The article tells how three Spanish citizens arranged to have a sexual encounter with five prostitutes they picket in Ponta Negra beach; it turned out that three of the prostitutes were shemales, and some of them were underage. The clientes were blackmailed (they suspect that the taxi drivers and hotel owners may have been part of the scheme) and had to pay a hefty amount to avoid facing the Police. Elmundo goes on to say that Natal is the most selected euro-bordel in Brazil.

The report sounds a bit biased. Below, some facts of interest.
  • The legislation: prostitution is not illegal in Brazil; it is not fully regulated, as it is in Holland or Germany, but it is not illegal. Prostitutes are not criminals, so they don't have to hide from the police, nor do they need pimps (pimping is a crime; running a place for prostitution purposes is a crime; incitement to prostitution is a crime; profiting from prostitution is a crime).
  • Because there is much poverty in Natal, and because many people are willing to pay for sex, many women resort to prostitution. Tourism grew quickly in Natal, and attracted many sex workers, including many from other States. Public prostitution in Natal concentrates in a short stretch of Ponta Negra beach, which gives high visibility to the prostitutes.
  • Despite prostitution not being a crime, there is in Brazil an specific Statute for Children and Adolescents; according to this Statute, acts like offering alcohol to minors, bringing them to places not appropriate for minors (sex hotels), enticing them into some activities, etc are considered crimes, and are very severely watched and punished (the age of consenting sex in Brazil is 14 y.o.; having an affair with people under 18 y.o. is not, per se, a crime; crime is configured only when there is some enticement to prostitution)
  • The city of Natal does not endorse sexual tourism. Natal was the first city in Brazil to formally create a committee to combat this kind of visitors. The reach of this committee, though, is limited, because prostitution is not illegal. A few months ago, city and State conducted raids aiming to specifically shut down places favoring prostitution.

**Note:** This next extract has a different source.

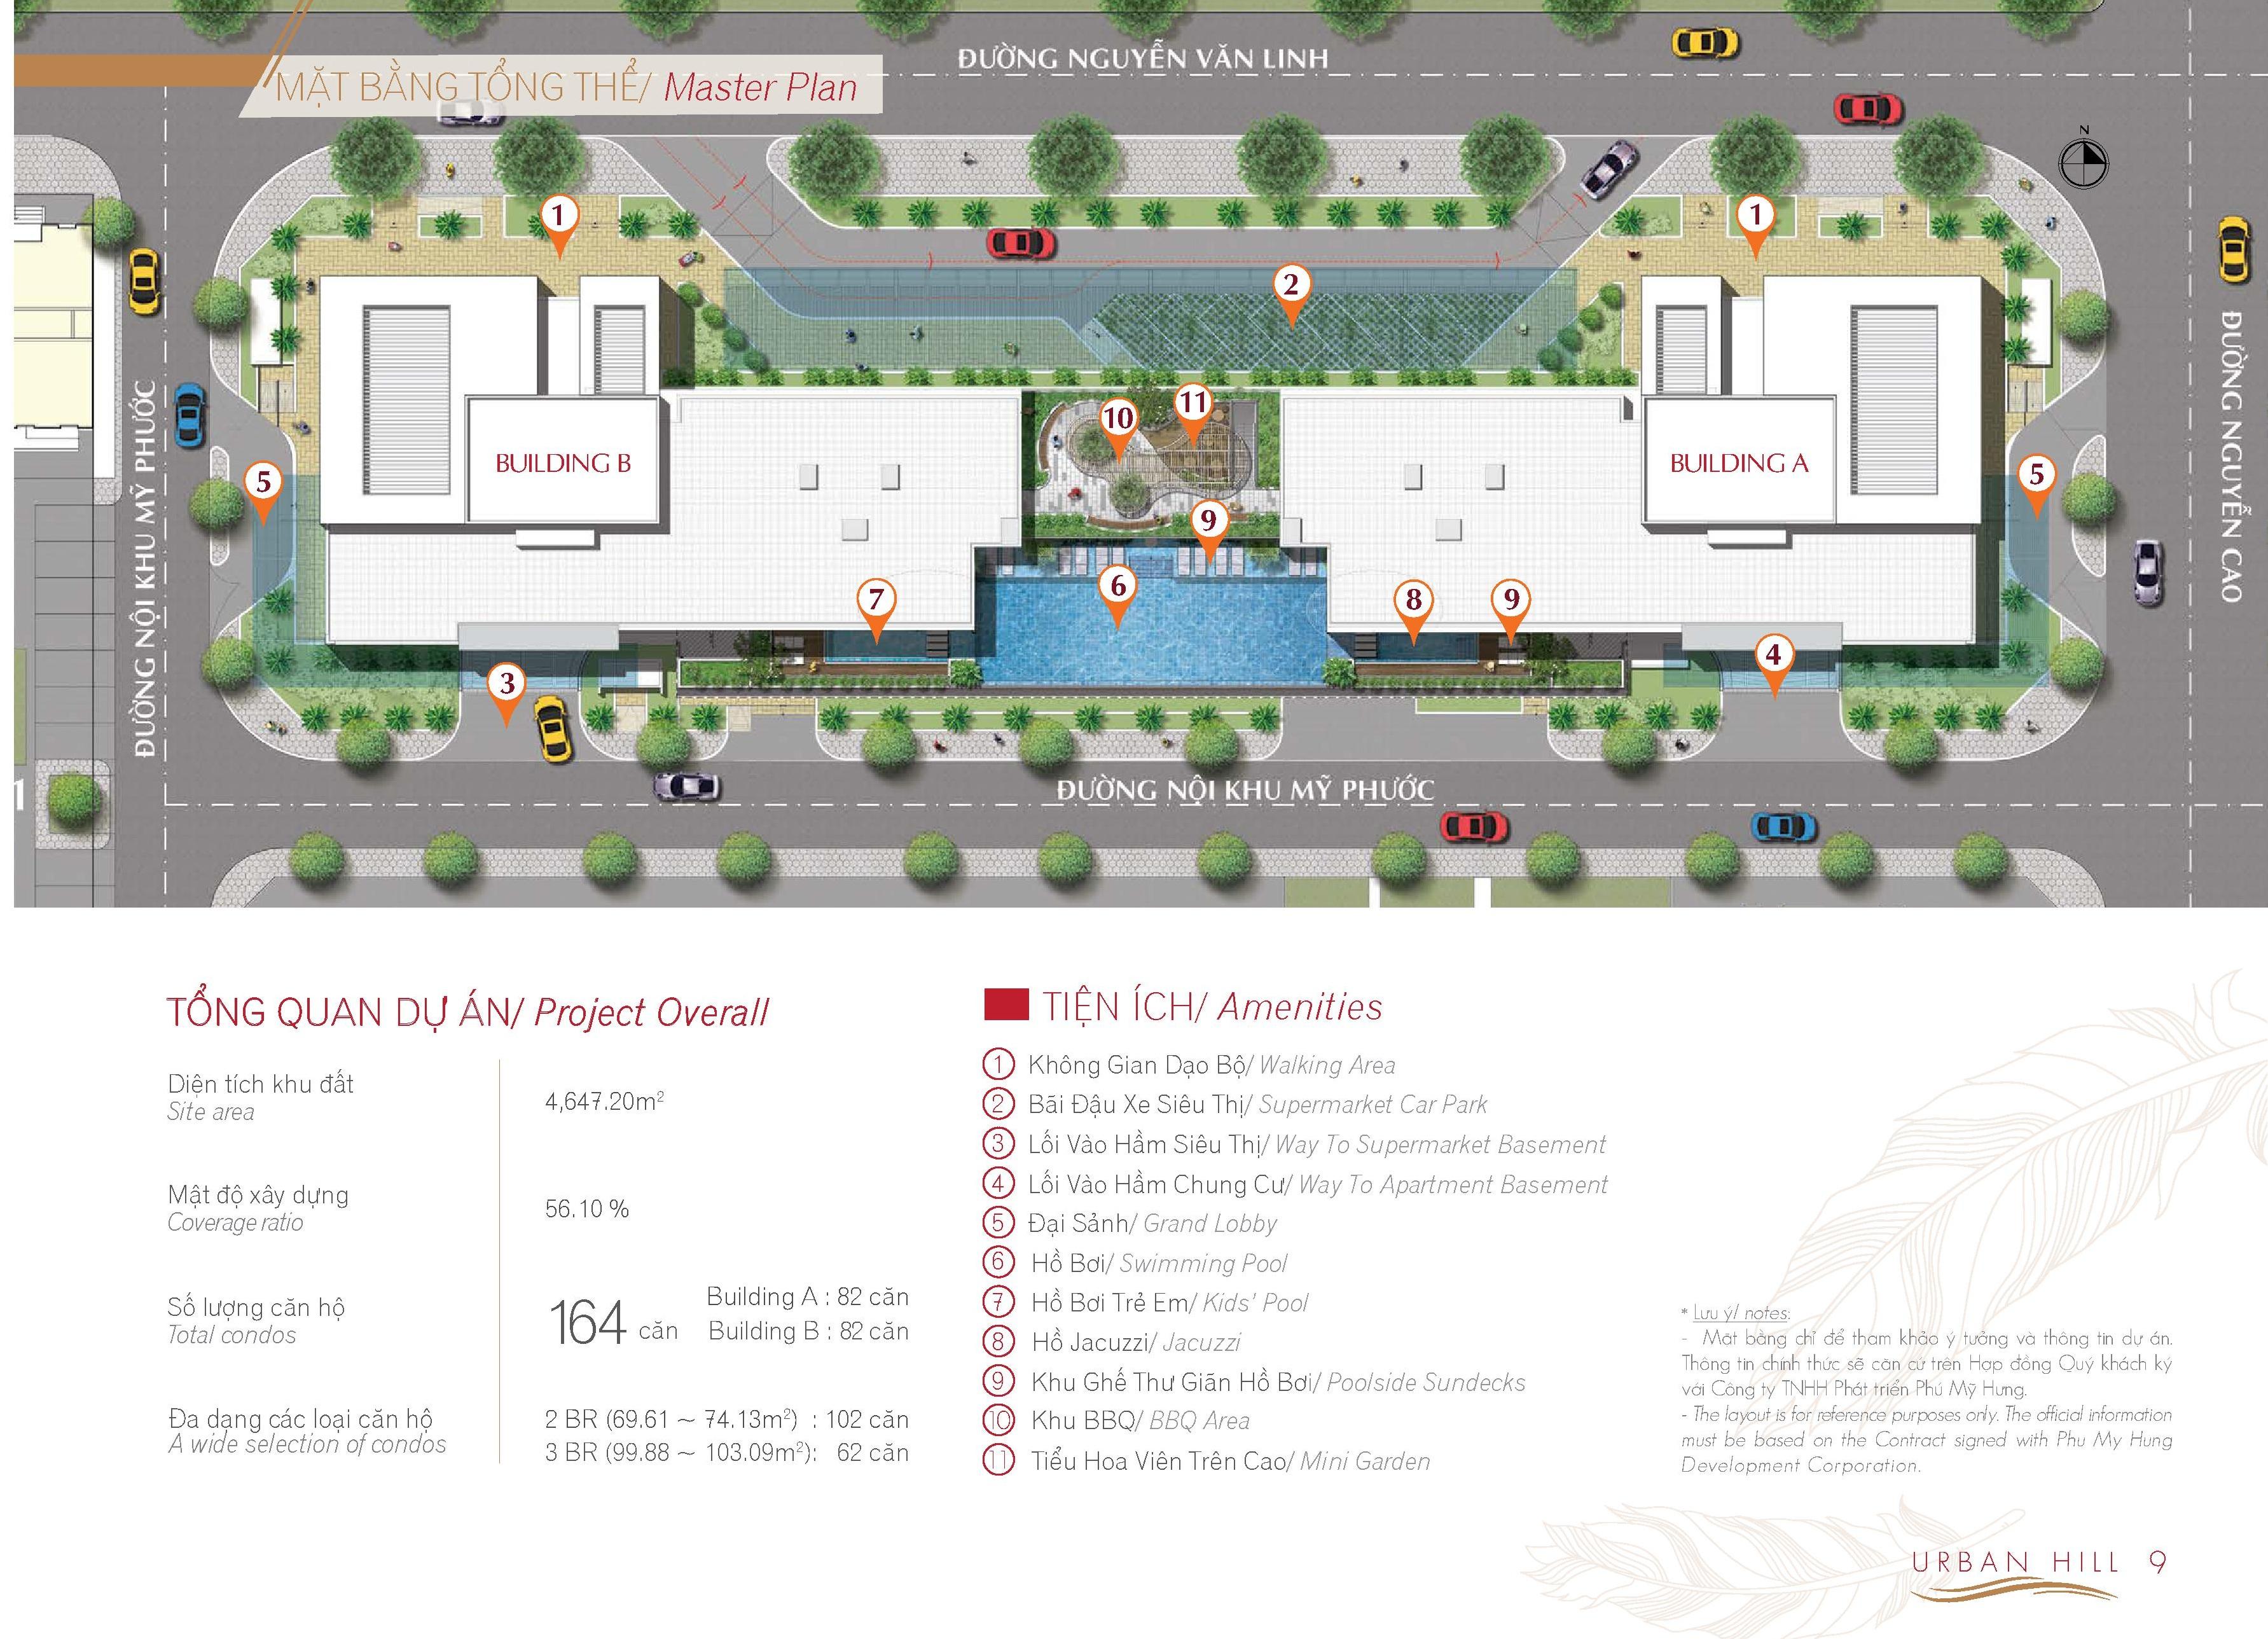 Urban Hill quận 7 - Căn hộ triển vọng nhất khu Cảnh Đồi Phú Mỹ Hưng. 1

    Many foreign visitors come to Natal and, besides enjoying the city, have sexual encounters with professionals. Just like it happens, with much higher frequency, in Barcelona, Amsterdam and Hamburg, to name a few European sex hubs.
    The absolute majority of these encounters are just an agreement between two consenting adults acting within the boundaries of law.

    A few foreigns, probably relying on the proverbial leniency of Brazilian laws, Police and Justice, take the risk to get involved in acts which are clearly known to be illegal. That's the case, for instance, of people looking for sex with minors, or people looking to buy illegal drugs.
    In these cases, there is a much higher probability of having to deal with dishonest people. Cases of blackmailing or robbering are much more common. The bandits and victims know that everyone are acting in an out of the law manner, and are less prone to look for Police help.

    It looks like this was the case with the three Spanish tourists interviewed by Elmundo. The Spaniards knew what they were doing. Spotting an underage is not difficult, and spotting an transsexual is even less. In case of doubts about age, everyone is alerted to ask for IDs, that every Brazilian must carry.
    Instead of asking for Police help, the Spanish resorted to Elmundo. And it looks like Elmundo wrote their article without checking all facts thoroughly.

  • 1 Comments:

    Blogger 123 said...

    I know Natal for more than 14 years.
    Everytime there was a poverty there. But in the last 7 years the international (european) tourism grew so fast, that it' s really strange to see what happened there. The number of prostitutes grew only with the number of europeans who want that. Many of the prostitutes are from other states of Brazil.
    The natives of Natal don't have any profit of this progession.
    But the crimes and the problems with drugs also grew up with the number of european tourists.